Aircraft parts suppliers face tough quarter

Published
By Reuters

US parts suppliers to commercial aircraft makers will be counting their losses from the machinists' strike at Boeing Co and the delay in 787 Dreamliner programme, when they report their fourth-quarter results starting this week.

"It's pretty much a foregone conclusion that the quarter is going to be weak," analyst Alex Hamilton of Jesup & Lamont Securities said.

"The main event this quarter will be the impact of Boeing strike and more importantly the outlook by managements."

Last September, Boeing's 27,000-strong machinists union went on a 58-day strike over contract terms, halting commercial airplane production.

The strike at Boeing pushed back the schedule for its troubled 787 Dreamliner for the fourth time in December, resulting in inventory pileup at several of its parts suppliers.

Some analysts feel the impact from the strike will last for a couple of more quarters.

In November 2008, Rockwell Collins, which makes a range of cockpit gear and high-tech systems for commercial and military aircraft, had cut its 2009 outlook, citing the strike and slowdown in airline traffic.

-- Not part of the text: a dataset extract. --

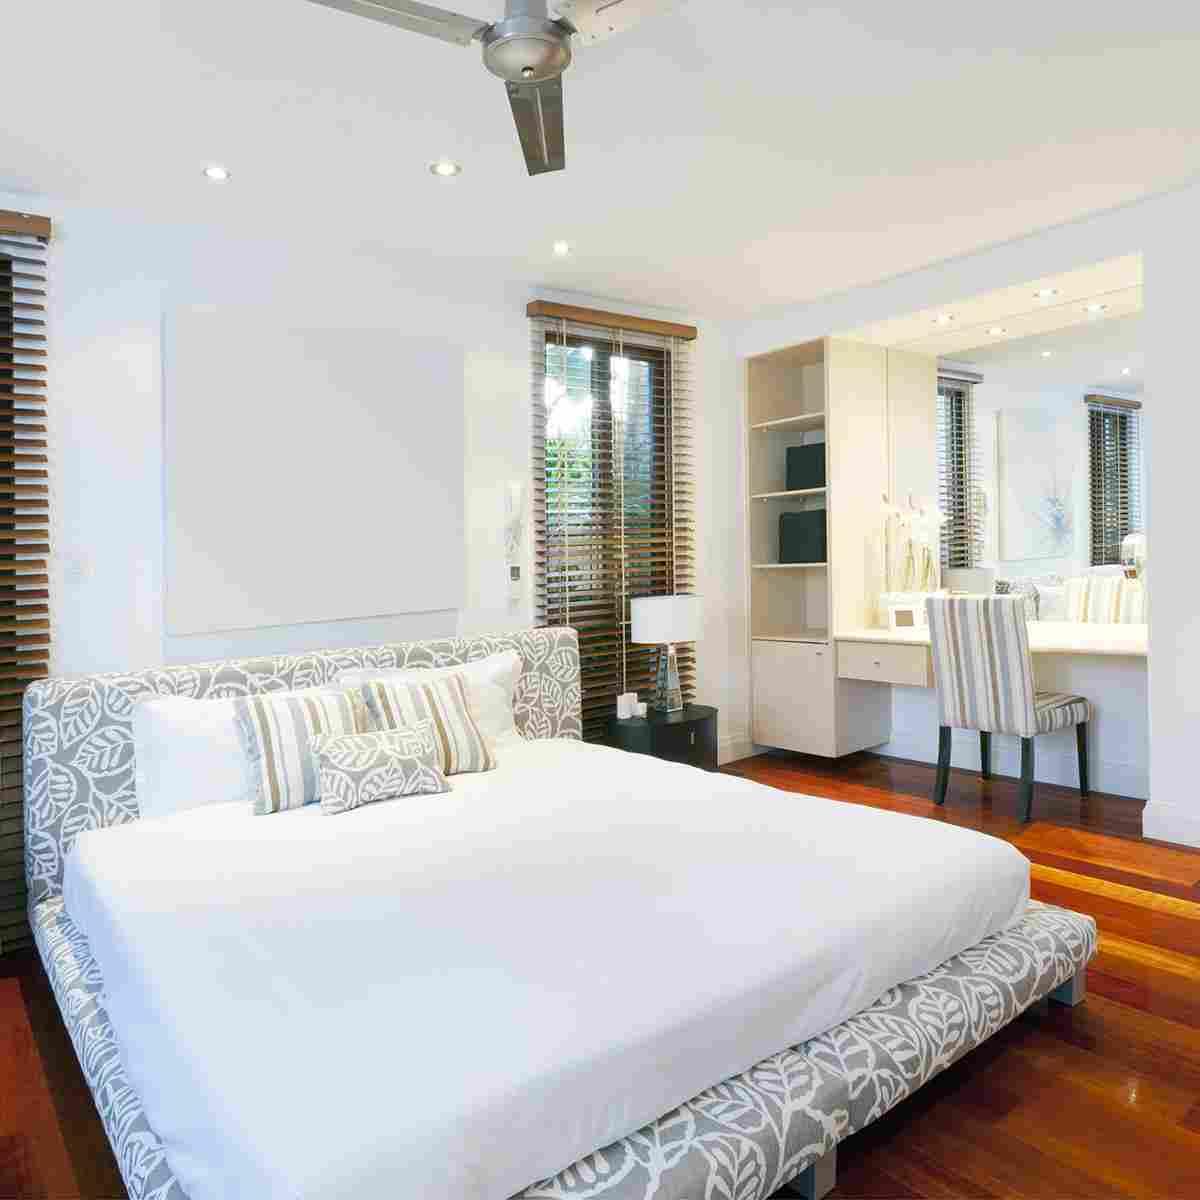 https://www.tamarind6.com/wp-content/uploads/2016/05/details-bedroom-2.jpg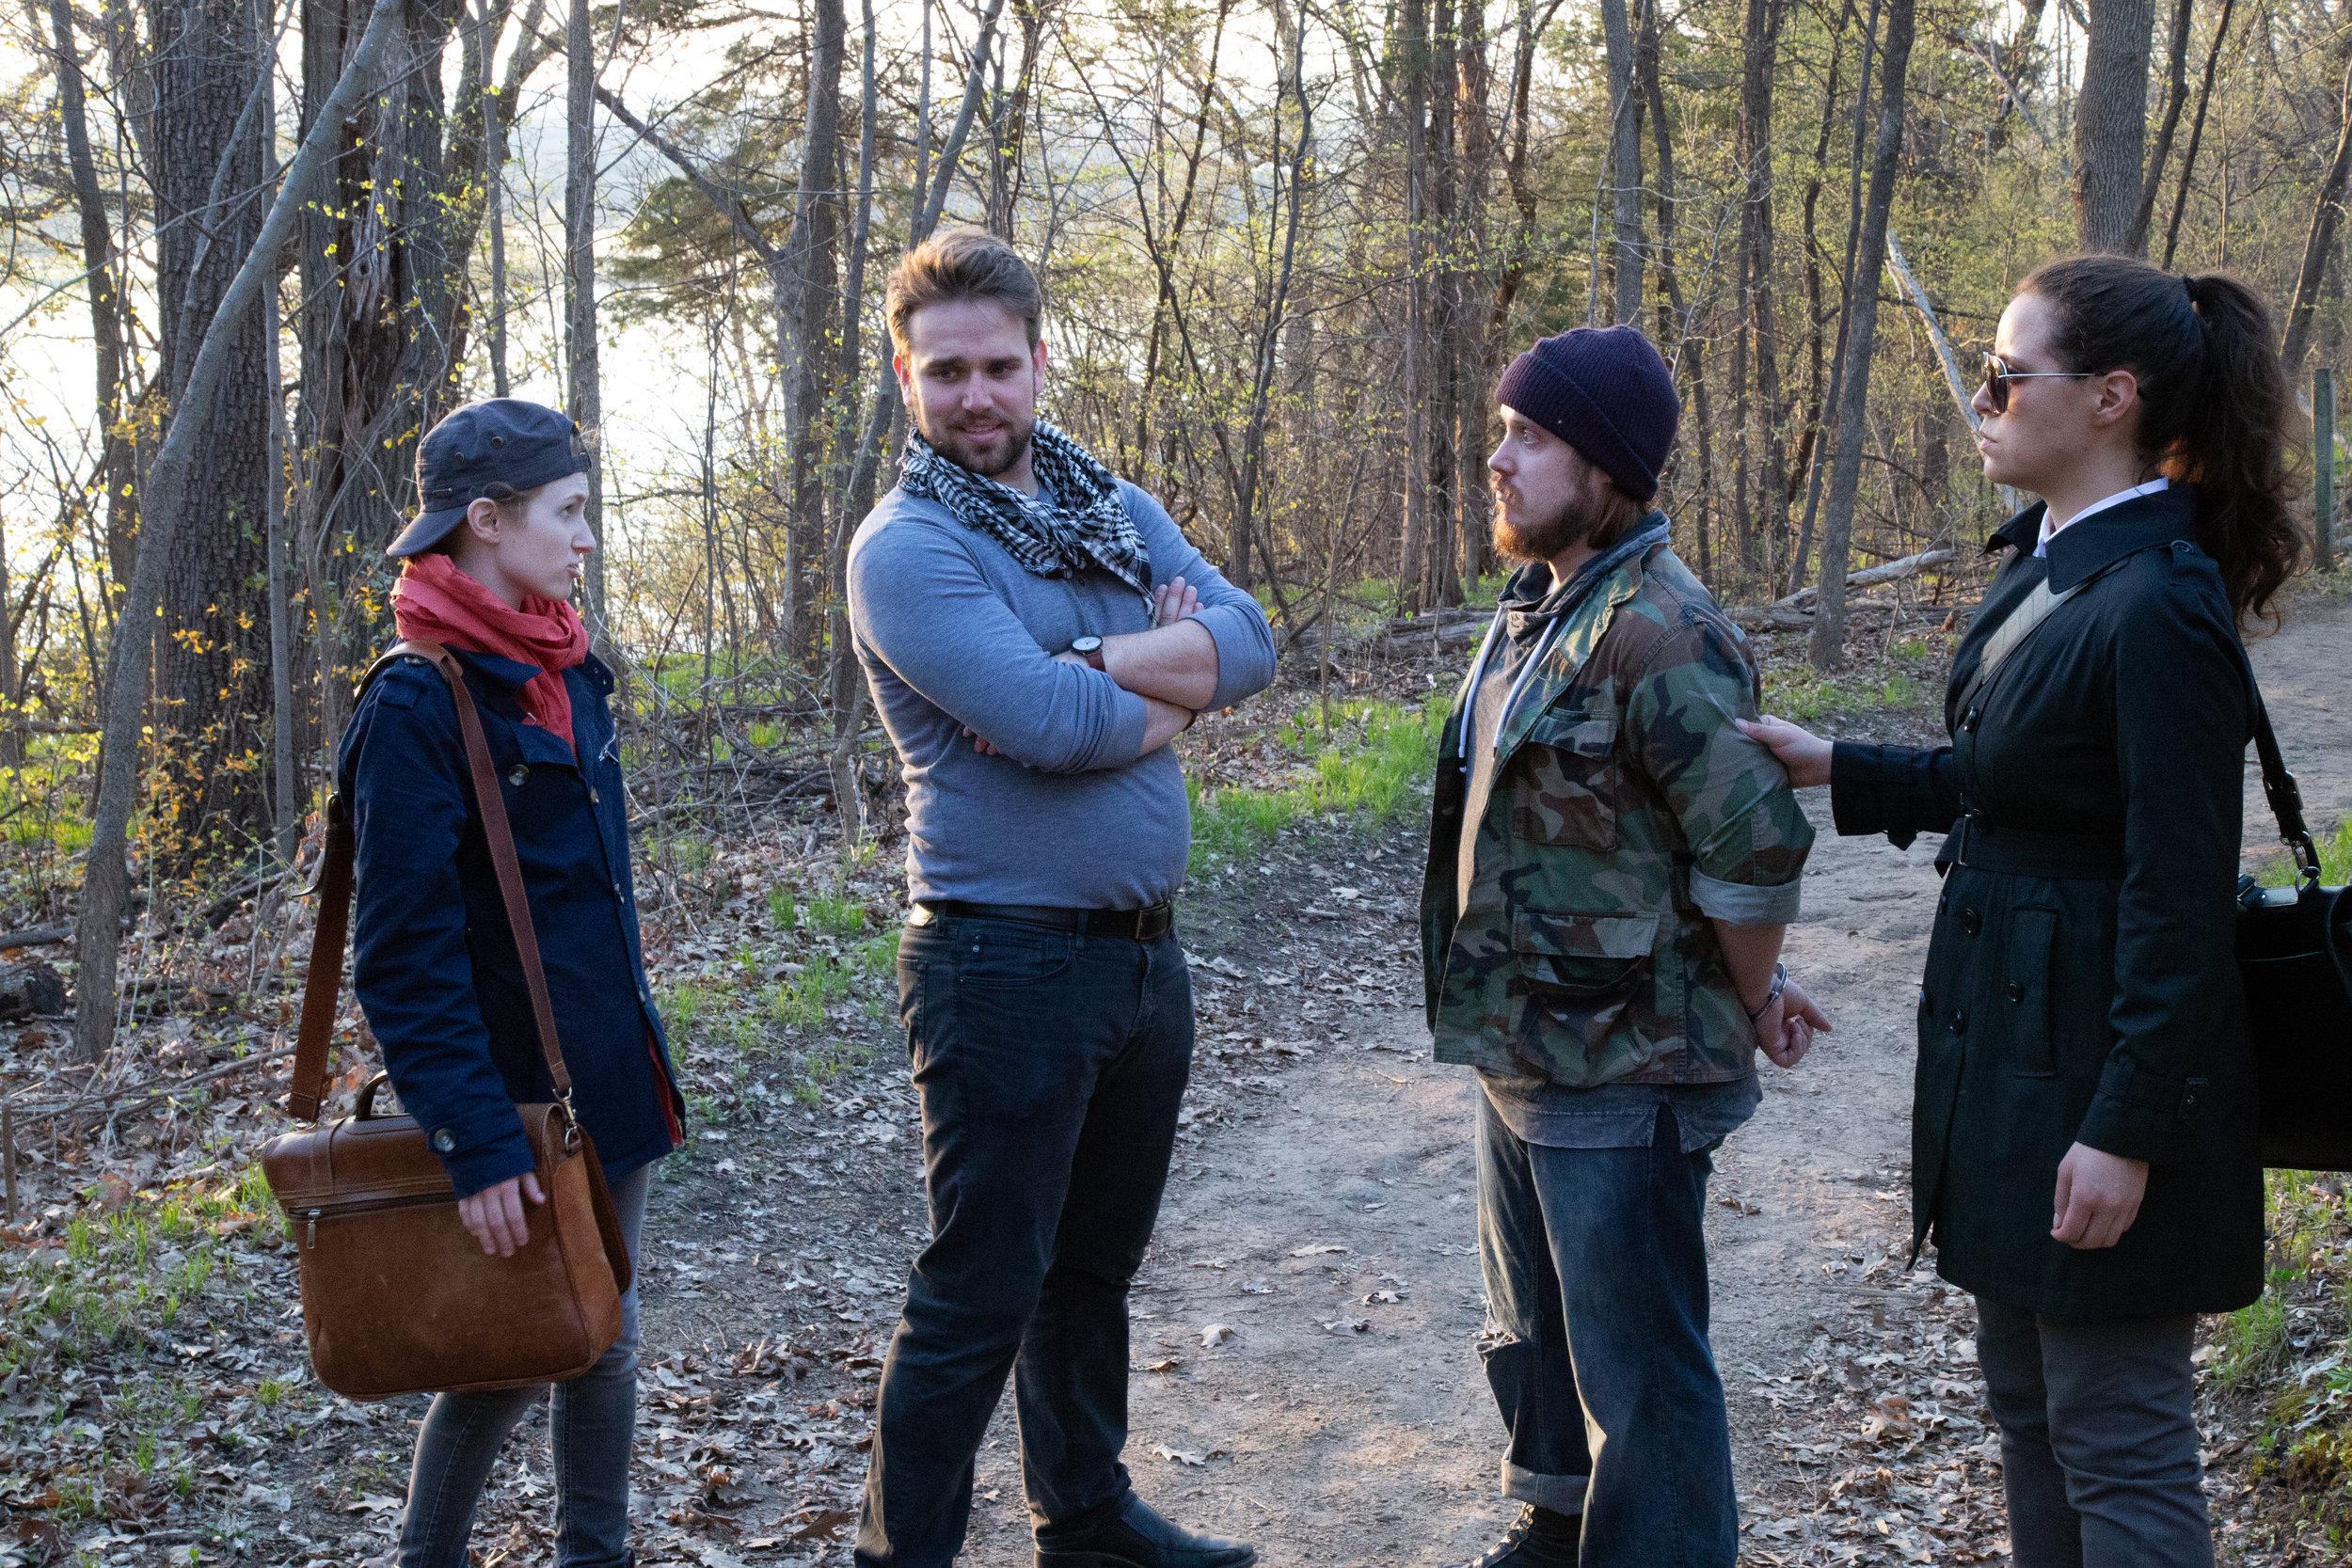 Viola (Leah Christine), Orsino (Henry Southwick), Antonio (Zach Filkins) and Officer (Michelle Del)

Last quarter, Spirit Aerosystems Holdings, one of the world's largest makers of aircraft structures, said it will work out a production and delivery schedule with Boeing once the strike was over and then update its financial outlook. Spirit was a unit of Boeing before being sold in 2005. A successful production run of the 787 is important to Spirit as it gets a lion's share of its revenue from the programme.